#### INSTRUCTIONS TO FOLLOW:
Could you restate the whole listing below word for word, minus the pictures?

#### DATA:
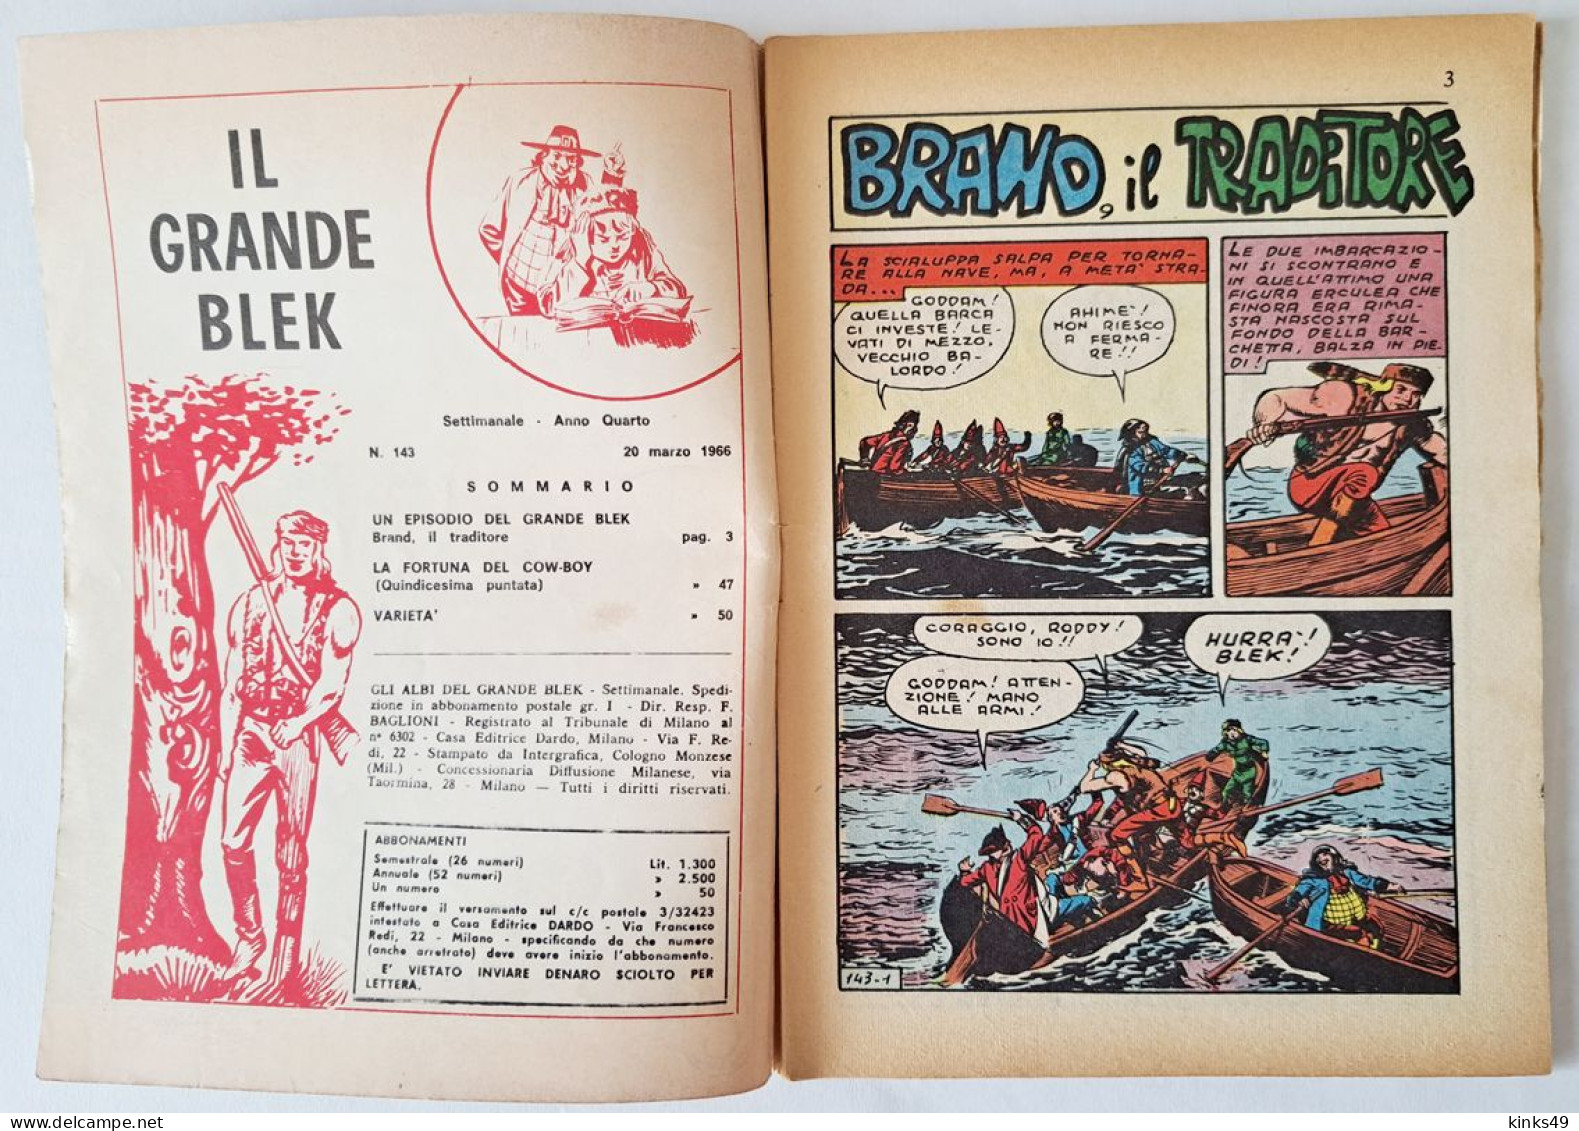 M446> GLI ALBI DEL GRANDE BLEK = N° 143 Del 20 MAR. 1966 < Brand Il Traditore > - Premières éditions
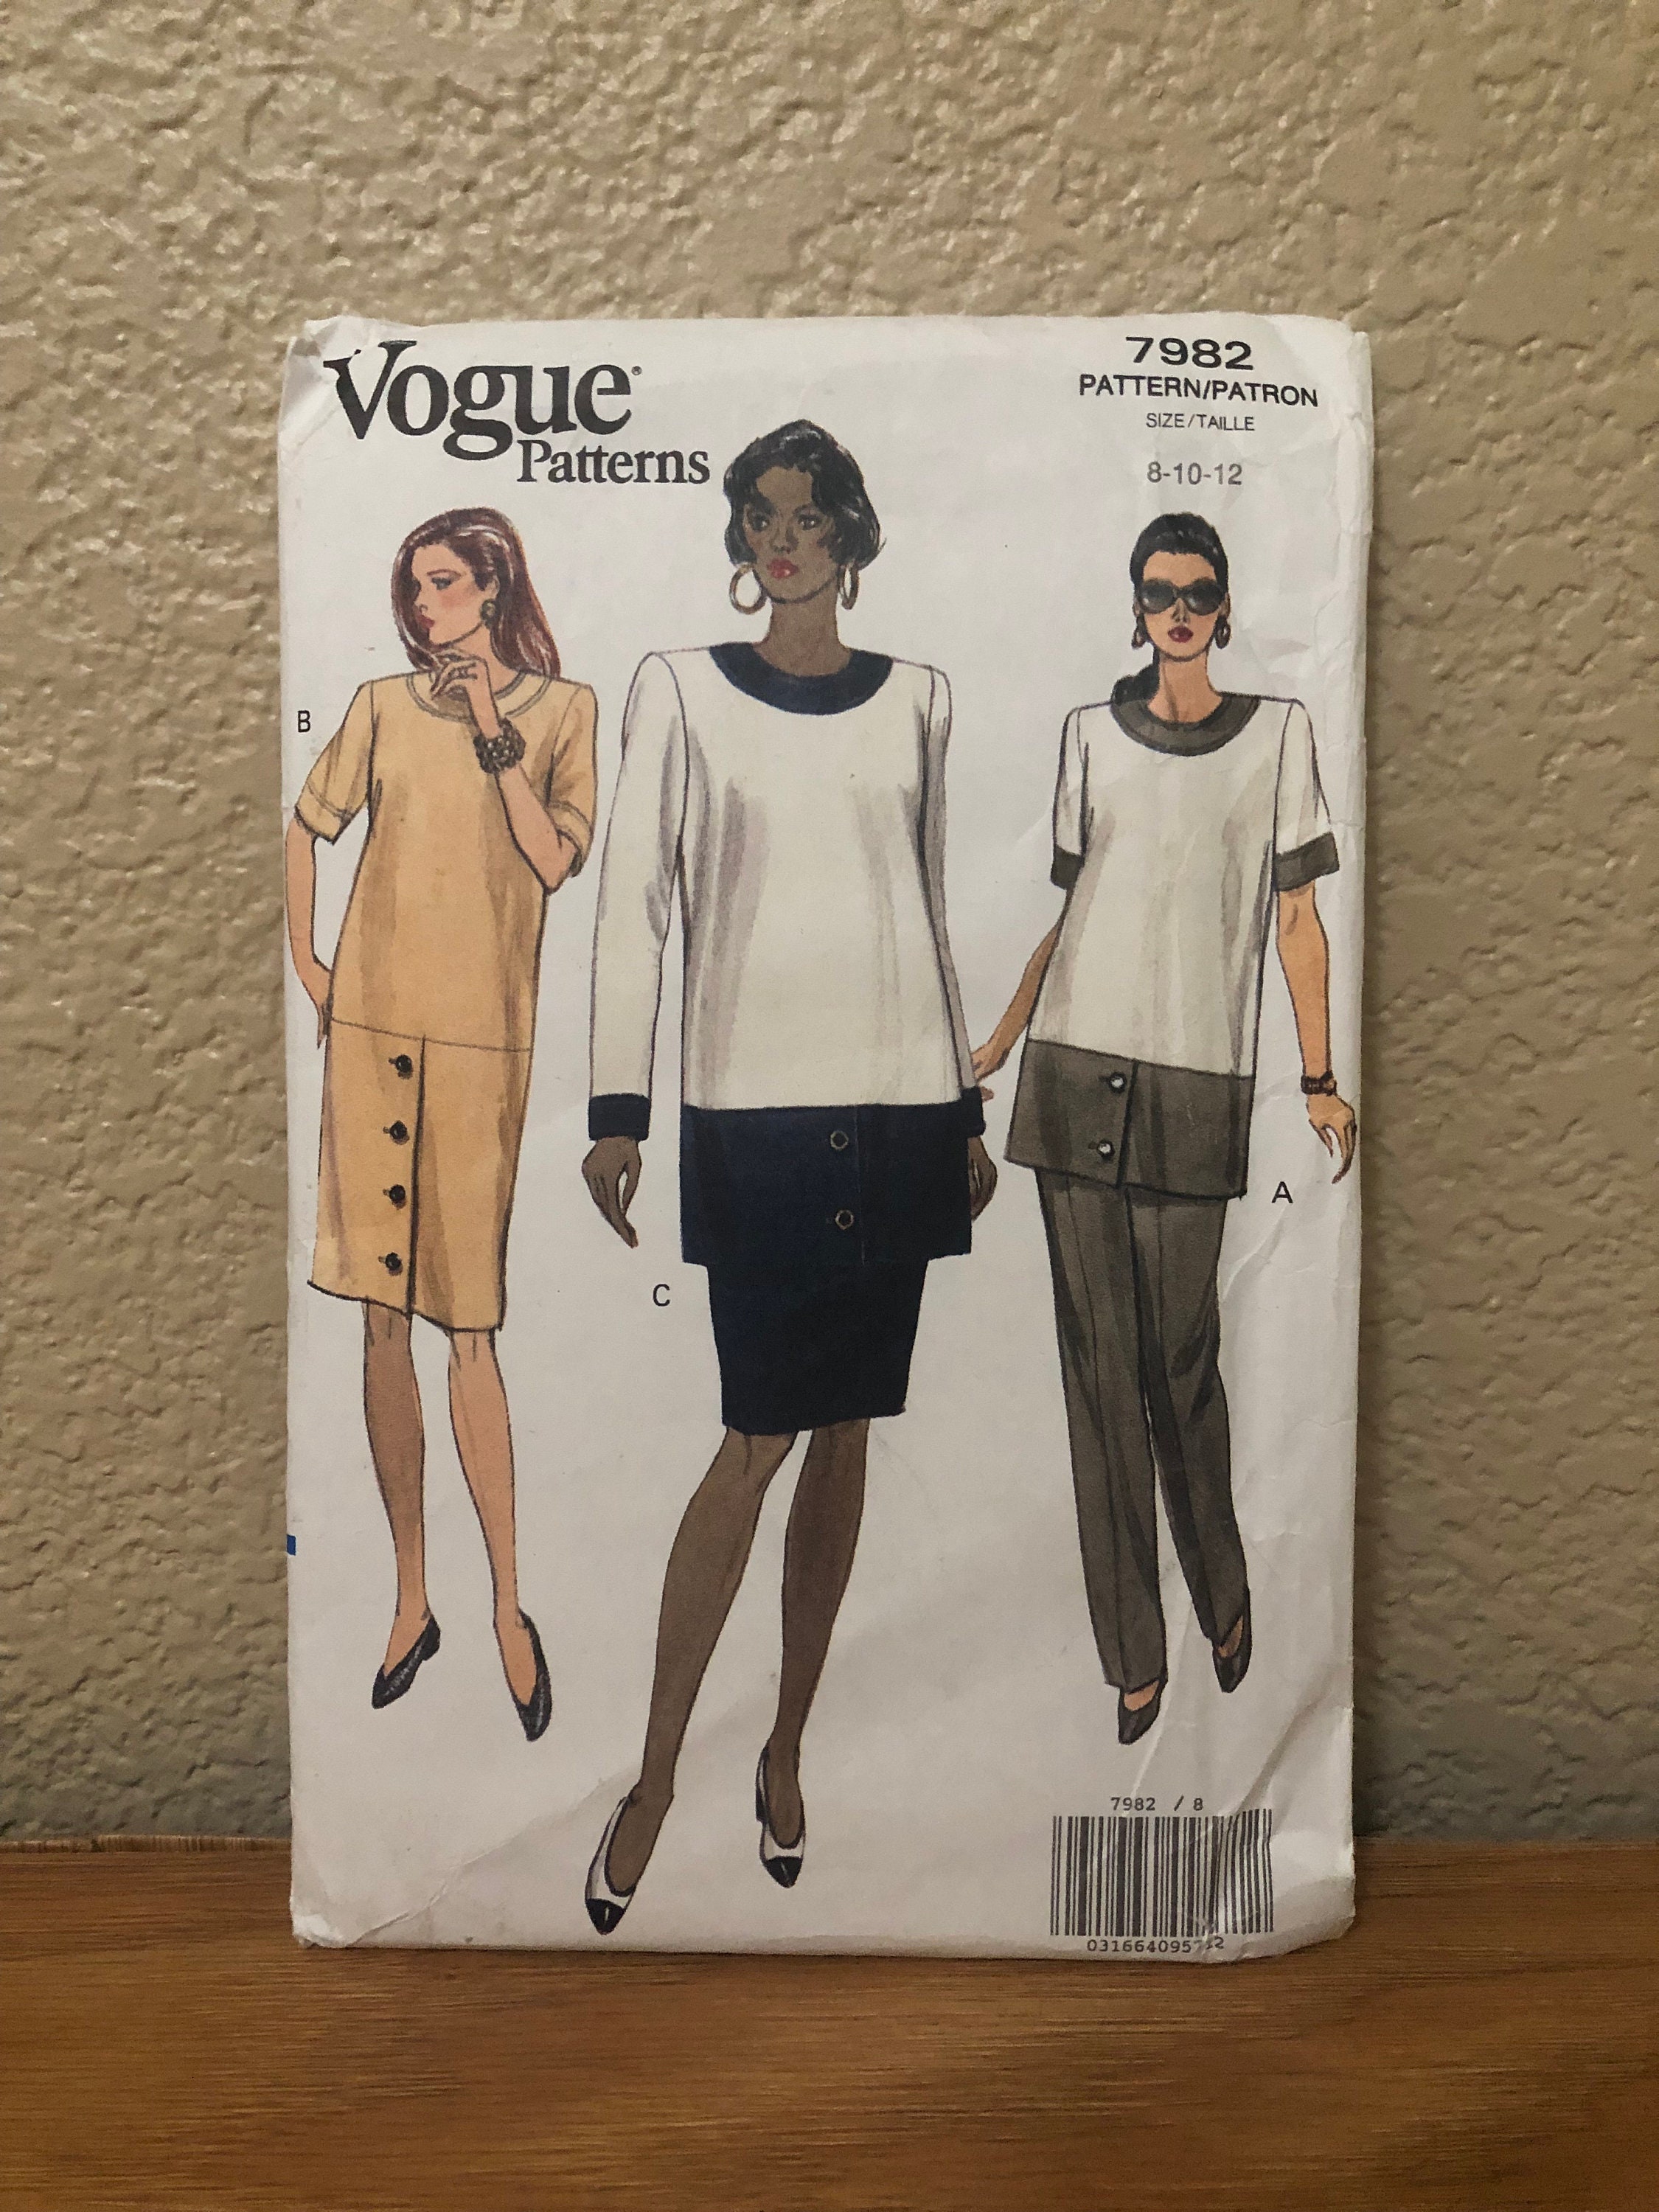 Vogue Patterns 7982 - Hermes Birkin bag
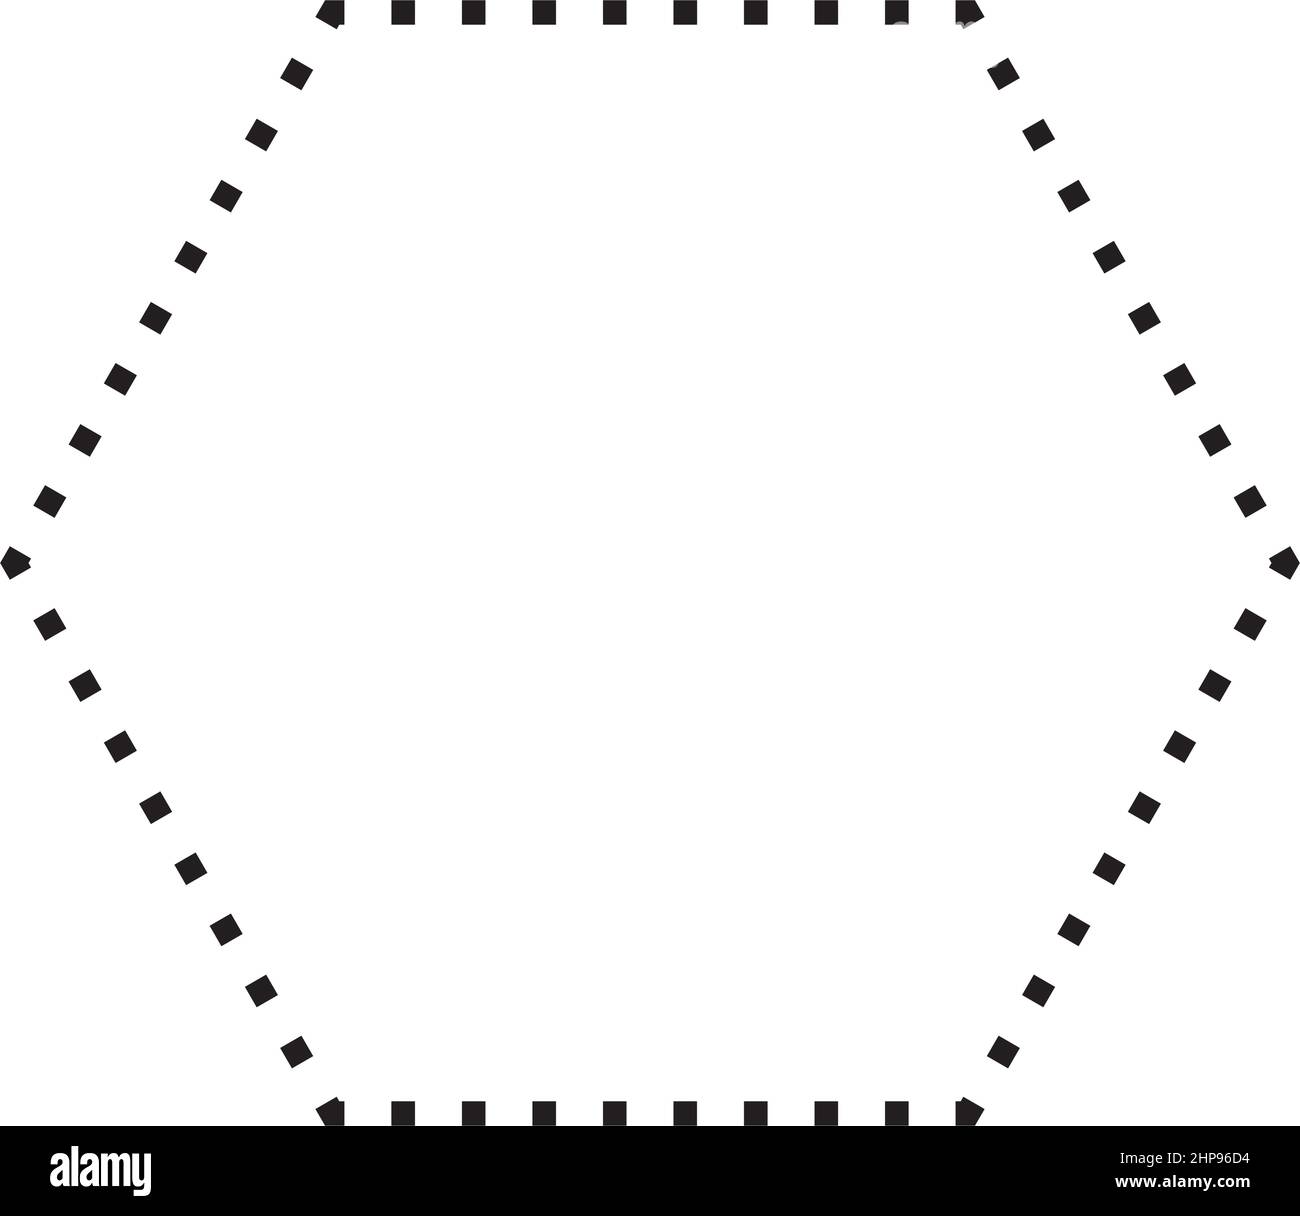 Hexagon-Form gepunktetes Symbol Vektor-Symbol für kreatives Grafikdesign ui-Element in einer Piktogramm-Illustration Stock Vektor

#### WRITTEN REPLY:
 M446> GLI ALBI DEL GRANDE BLEK = N° 143 Del 20 MAR. 1966 < Brand Il Traditore > - Premières éditions
 Vogue Patterns 7982 - Hermes Birkin bag
 Hexagon-Form gepunktetes Symbol Vektor-Symbol für kreatives Grafikdesign ui-Element in einer Piktogramm-Illustration Stock Vektor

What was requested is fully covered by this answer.